By and large, Republican legislatures are currently trying to reinforce common-sense, existing election procedures to safeguard against vote fraud, while Democrats in Congress are attempting to codify illegal measures taken by several states last year under the auspices of a pandemic “emergency.”

“I am convinced that we’ll be able to stop this because it is the most pernicious thing,” Biden said, although it was unclear what he sought to stop.

“This makes Jim Crow look like Jim Eagle,” he said.

But in other areas that were assumed to be at the top of his priority list, Biden signaled that he was in no rush to take immediate action.

“It’s a matter of timing,” he said, while appearing to signal that gun control was not a top priority of the administration.

“As you’ve all observed, successful presidents—better than me—have been successful in large part because they know how to time what they’ll be doing,” he added.

At several points when he veered off script, it was difficult to determine whether Biden was intentionally avoiding a direct answer or was genuinely lost.

In response to the question from Bloomberg’s Justin Sink about gun control, he instead rambled for several minutes about infrastructure.

He suggested that he would rebuild the nation’s roadways three feet higher to adjust for the inevitable flooding due to climate change, and that he would employ jobless miners and oil workers capping methane wells.

Biden said he formally plans to announce his infrastructure overhaul on Friday in Pittsburgh.

Many of the questions appeared to have been pre-arranged from a list of friendly left-wing journalists.

Notorious “woke” reporter Yamiche Alcindor thew softballs about whether immigrants were coming because Biden was “a moral decent man” and whether he would support ending the filibuster because of contrarian Republicans in the evenly divided Senate refusing to play ball with his radical agenda.

Biden seemed cautious to try to avoid pitfalls of acknowledging that there was, indeed, a “crisis” at the border, which his administration has formally denied in previous statements.

“I guess I should be flattered people are coming because I’m a nice guy,” he replied to the loaded, falsely framed query.

“… But the truth of the matter is, nothing has changed,” he continued. “It happens every single solitary year. There is a significant increase of people coming to the border in the winter months.”

There is no hard evidence to support that claim, with most immigration experts believing that the warmer seasons are a large driver of immigration.

Defending the overcrowding of children in cage-like detention facilities, Biden dispelled the frequent left-wing talking point that suggested many were young children, noting that most were older teenage boys.

“I realize it’s much more heart-wrenching—and it is—to deal with a 6 or 7 year old,” he said.

But “the idea that we have tens of thousands of kids in these god-awful facilities that are little babies” was inaccurate, he said.

However, he conceded that there were some unaccompanied infants “crying all night” in his detention centers.

Two reporters—ABC News’s Cecelia Vega and Univision’s Janet Rodriguez—called him out on his claim that the problem was already being addressed in earnest by US Customs and Border Patrol—an agency for which Biden has yet to formally name a commissioner.

The journalists said that they had personally been to the border, interviewed young children and attempted to reach their parents using the information recorded on wrist-bands that they arrived with.

Biden acknowledged that many of those wrist-bands could be traced back to coyotes.

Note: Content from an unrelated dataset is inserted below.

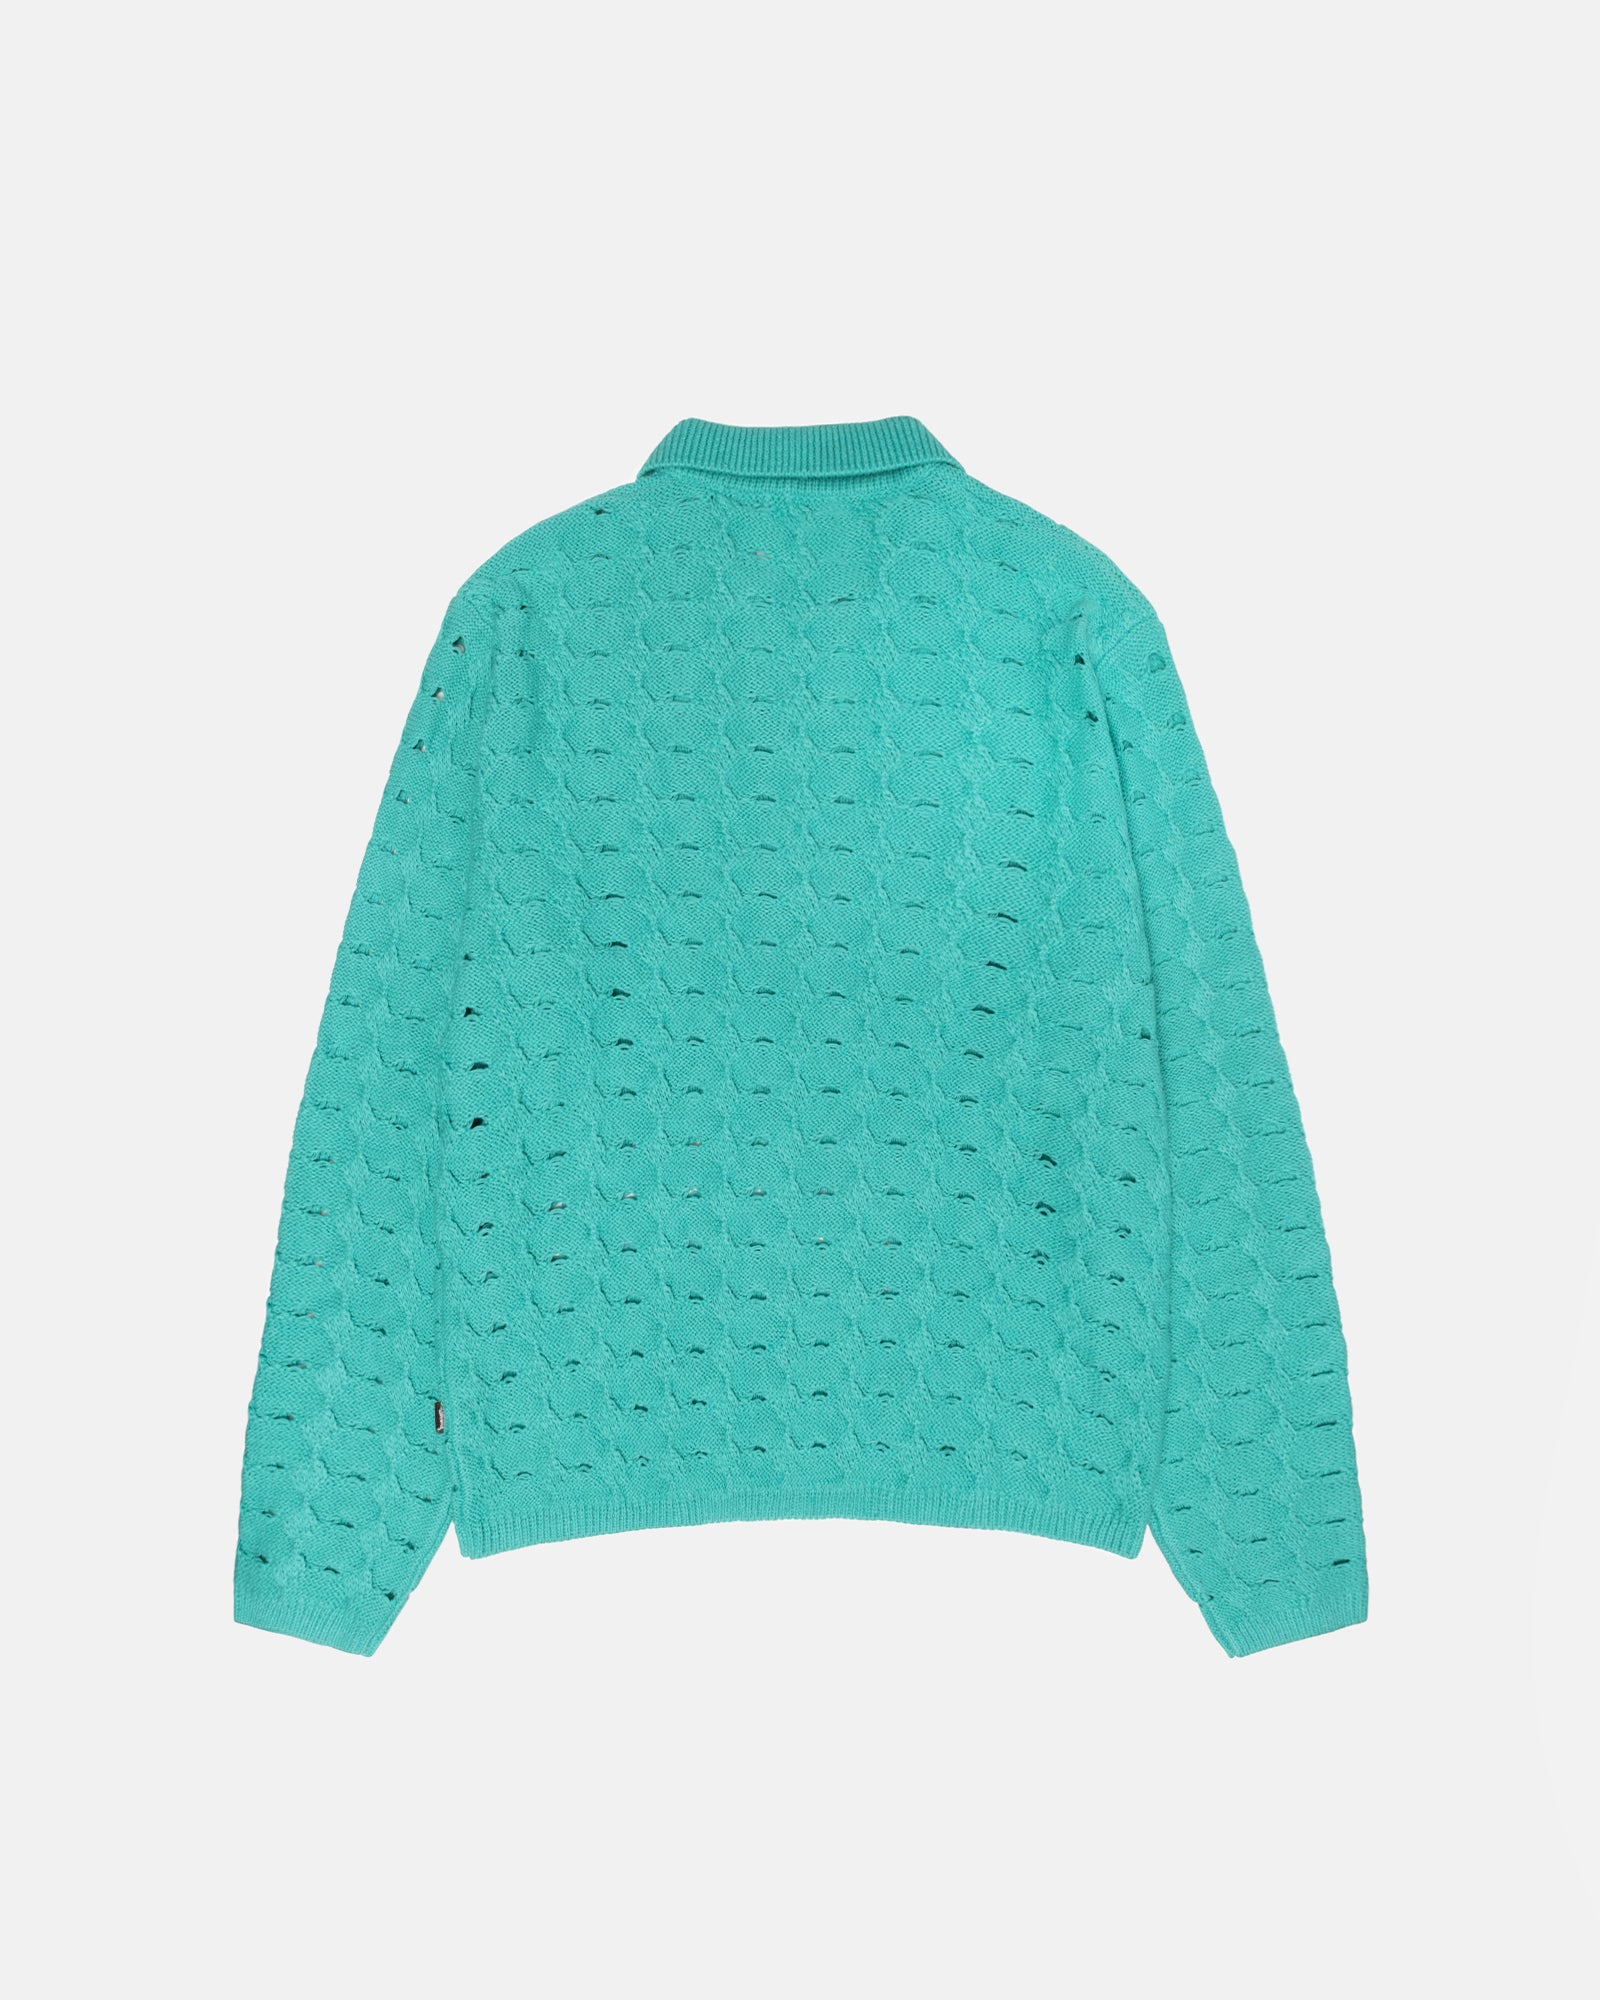 OPEN KNIT COLLARED SWEATER TEAL SWEATER

In a moment that bore strong echoes to Trump’s defense of detention centers, he said the process of trying to safely reunite children and parents was time consuming since they were obliged to use techniques like DNA tests and birth certificates for confirmation.

“There has to be some certitude that this is actually mom, dad, or whatever,” he said. “And there’s ways to do that: ‘What was your dog’s name?'”

Biden also indicated that children whose parents could be traced might increase their chances of being deported, including a 9-year-old Honduran boy who had made the trek by foot with only one young companion.

“The judgment has to be made whether or not … there’s an overwhelming reason why he’d be put in a plane and sent back to his mom,” Biden said.